__PROVIDED MATERIAL__
————————
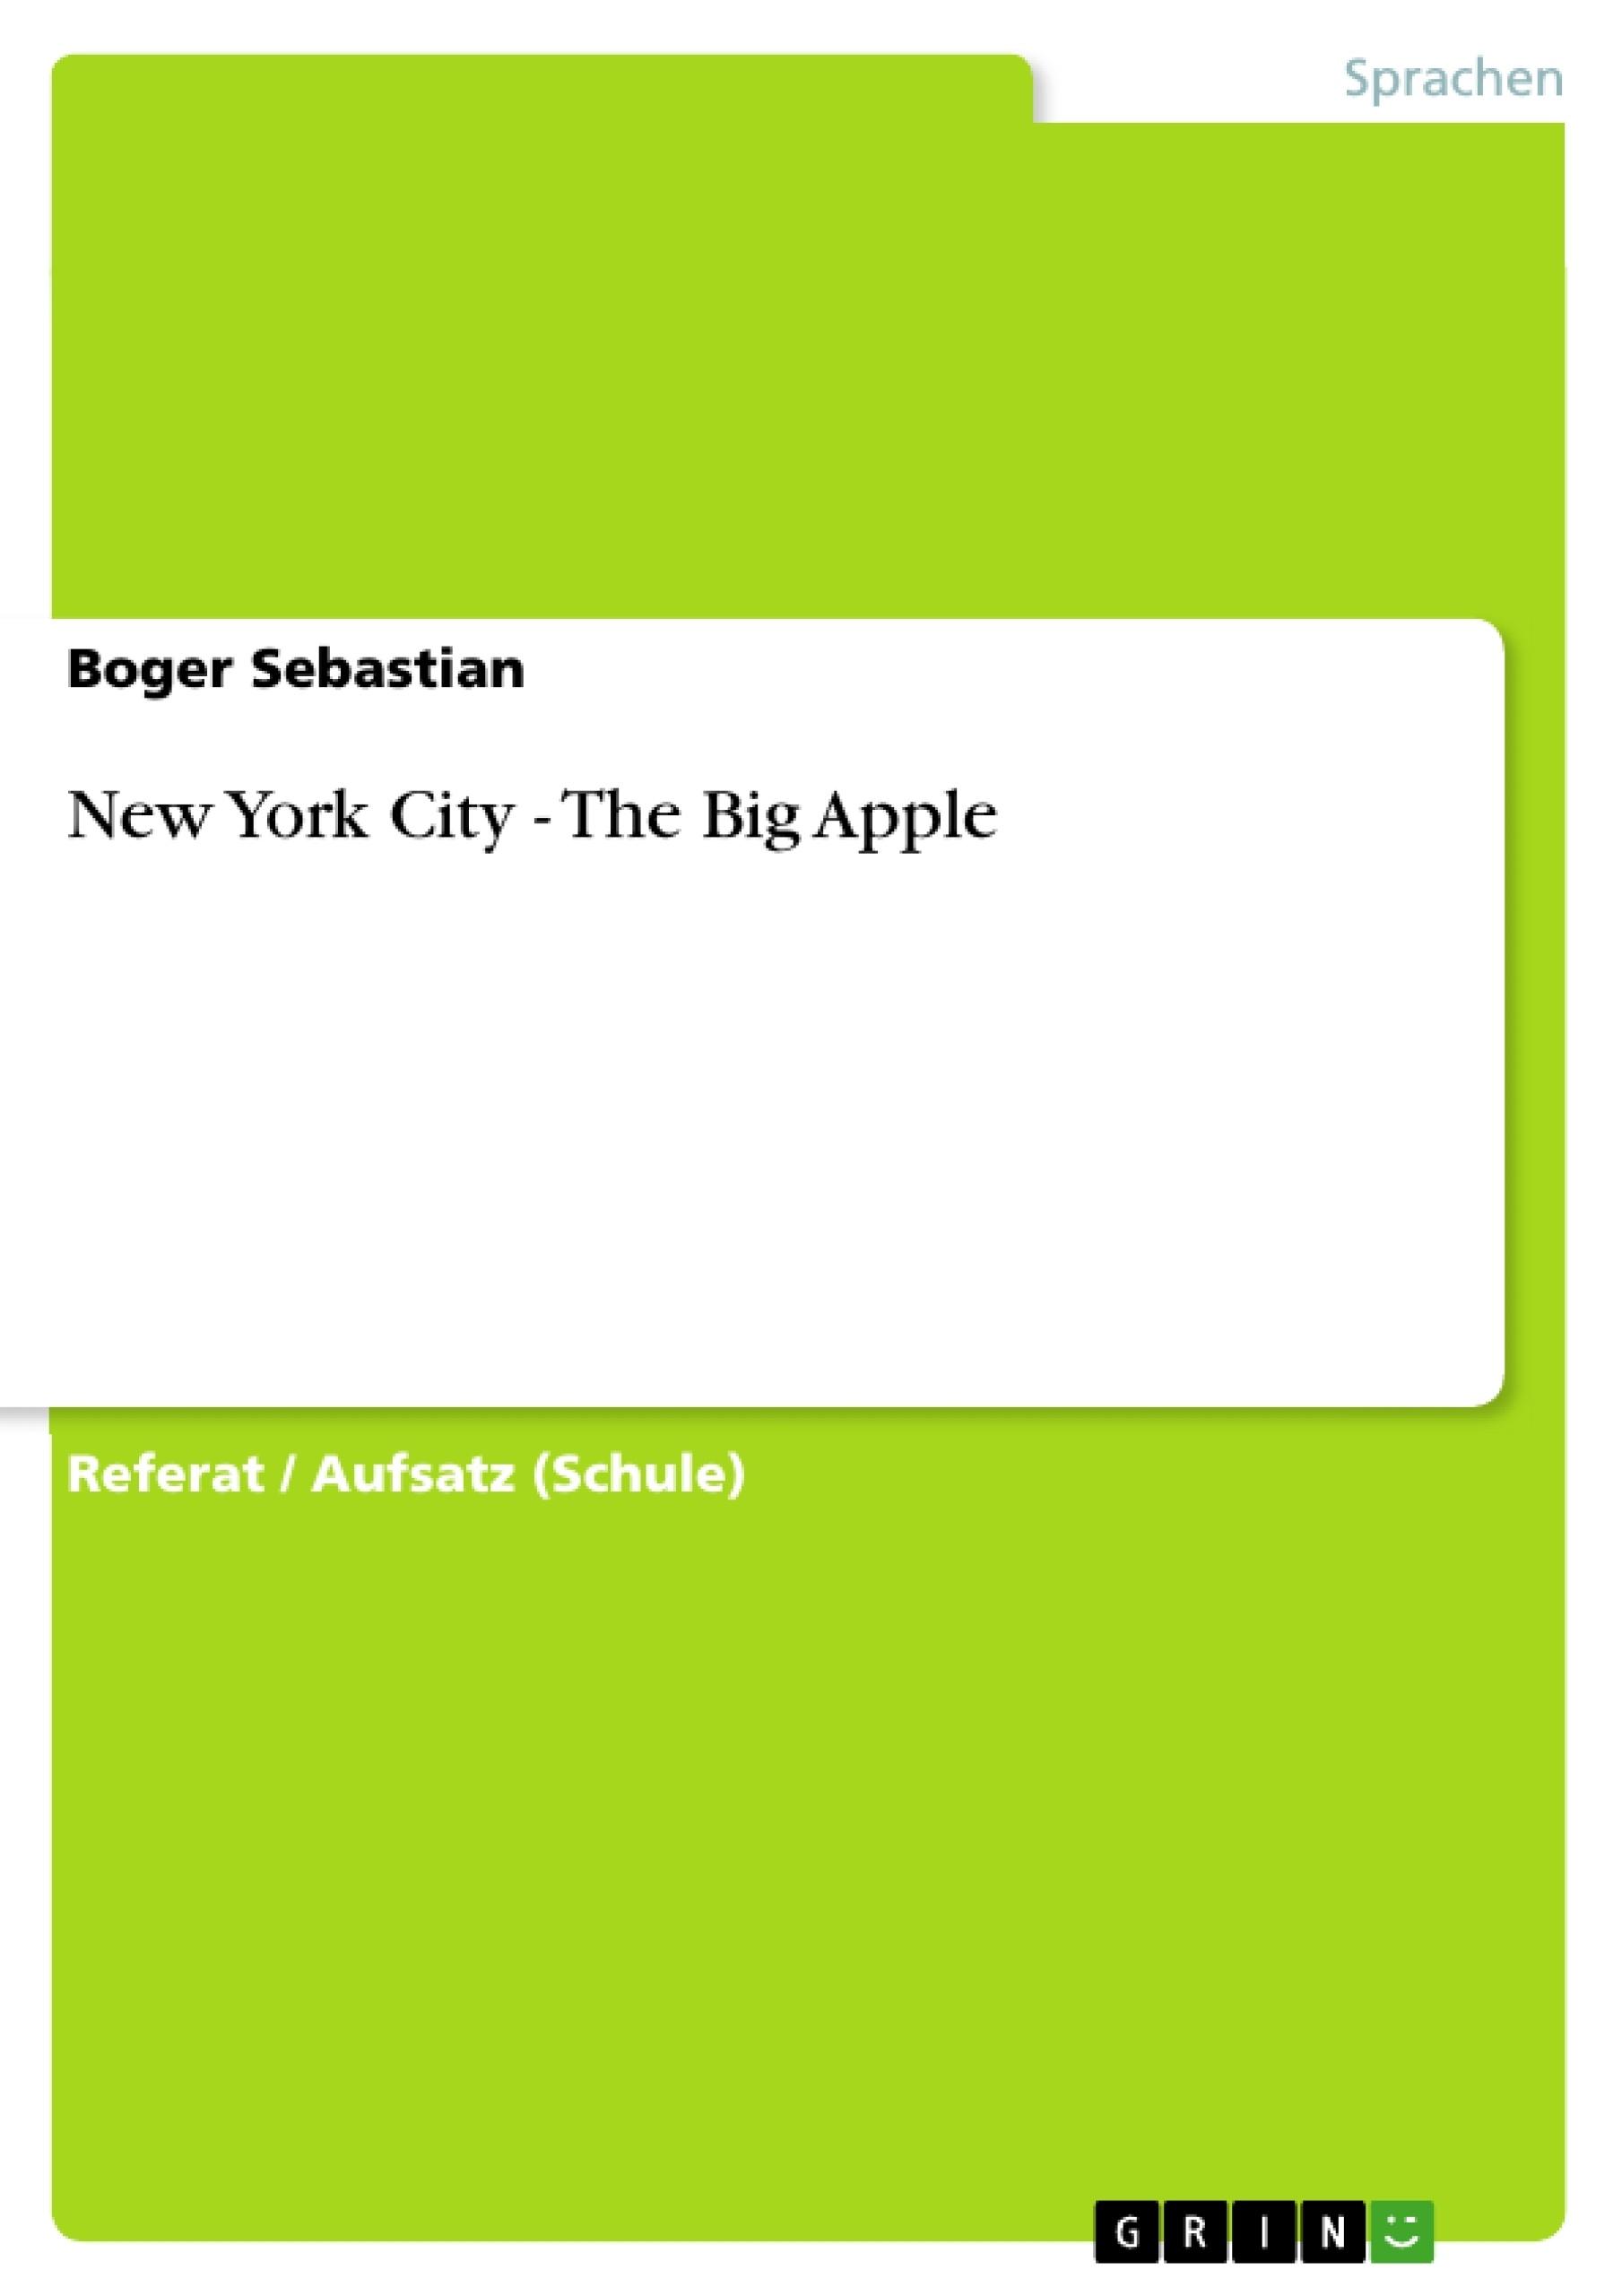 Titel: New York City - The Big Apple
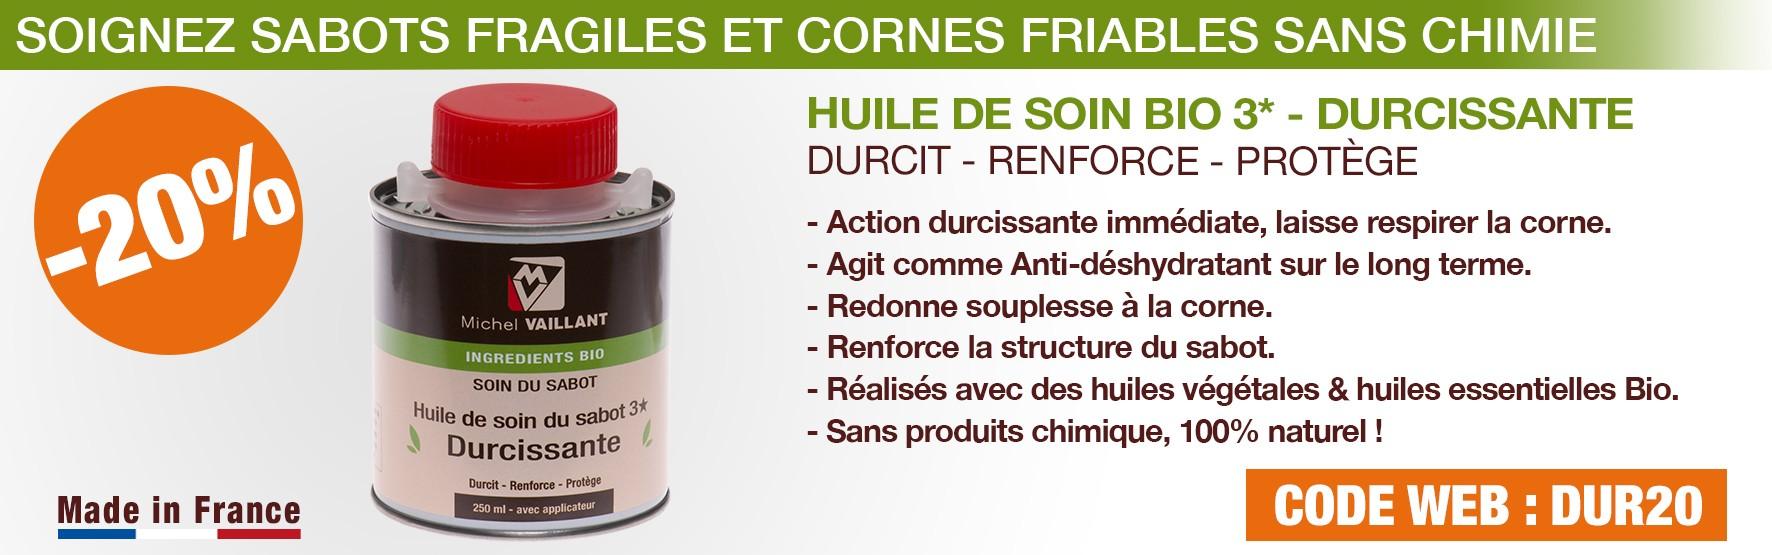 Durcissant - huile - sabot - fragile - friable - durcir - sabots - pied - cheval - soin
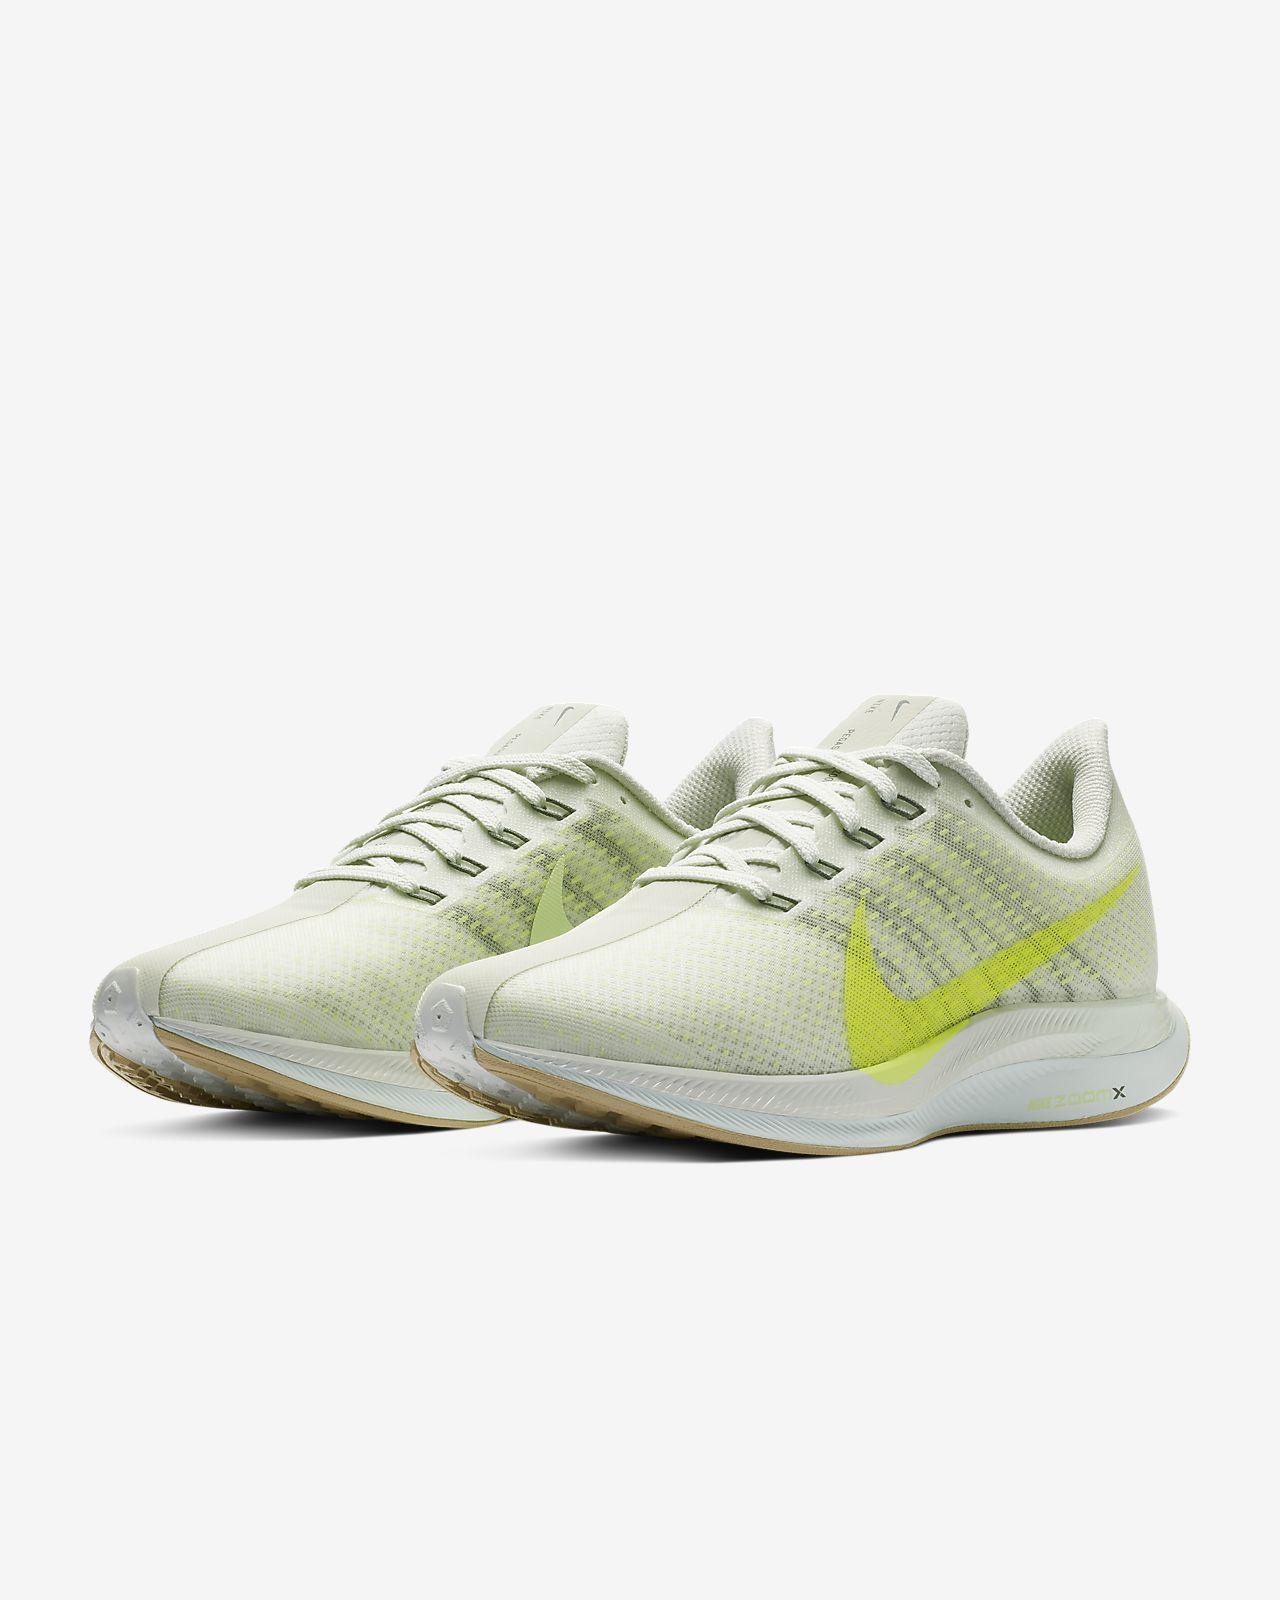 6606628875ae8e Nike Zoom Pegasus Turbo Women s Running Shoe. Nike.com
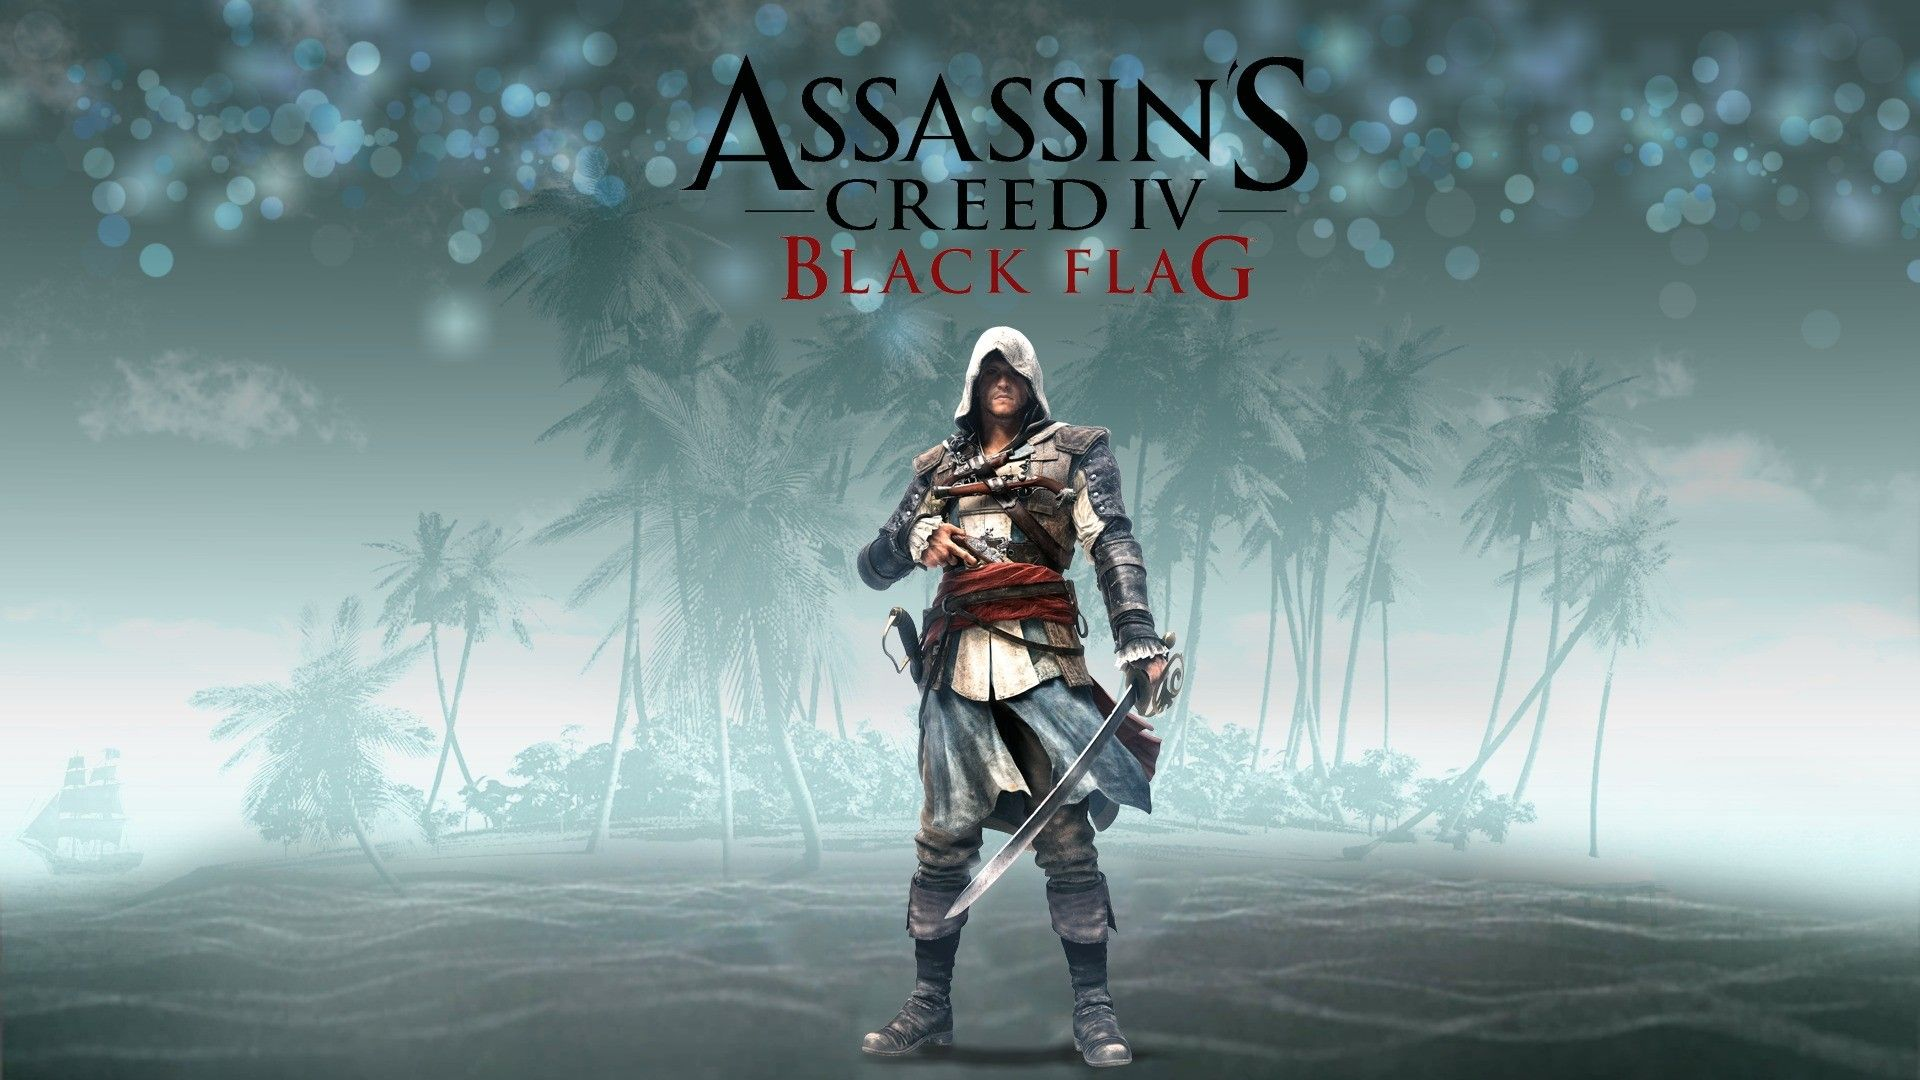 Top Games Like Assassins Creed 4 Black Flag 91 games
————————
__EXERCISE BRIEF__
Retype the data above exactly, dropping every picture.

__PROBLEM SOLUTION__
 Titel: New York City - The Big Apple
 Durcissant - huile - sabot - fragile - friable - durcir - sabots - pied - cheval - soin
 6606628875ae8e Nike Zoom Pegasus Turbo Women s Running Shoe. Nike.com
 Top Games Like Assassins Creed 4 Black Flag 91 games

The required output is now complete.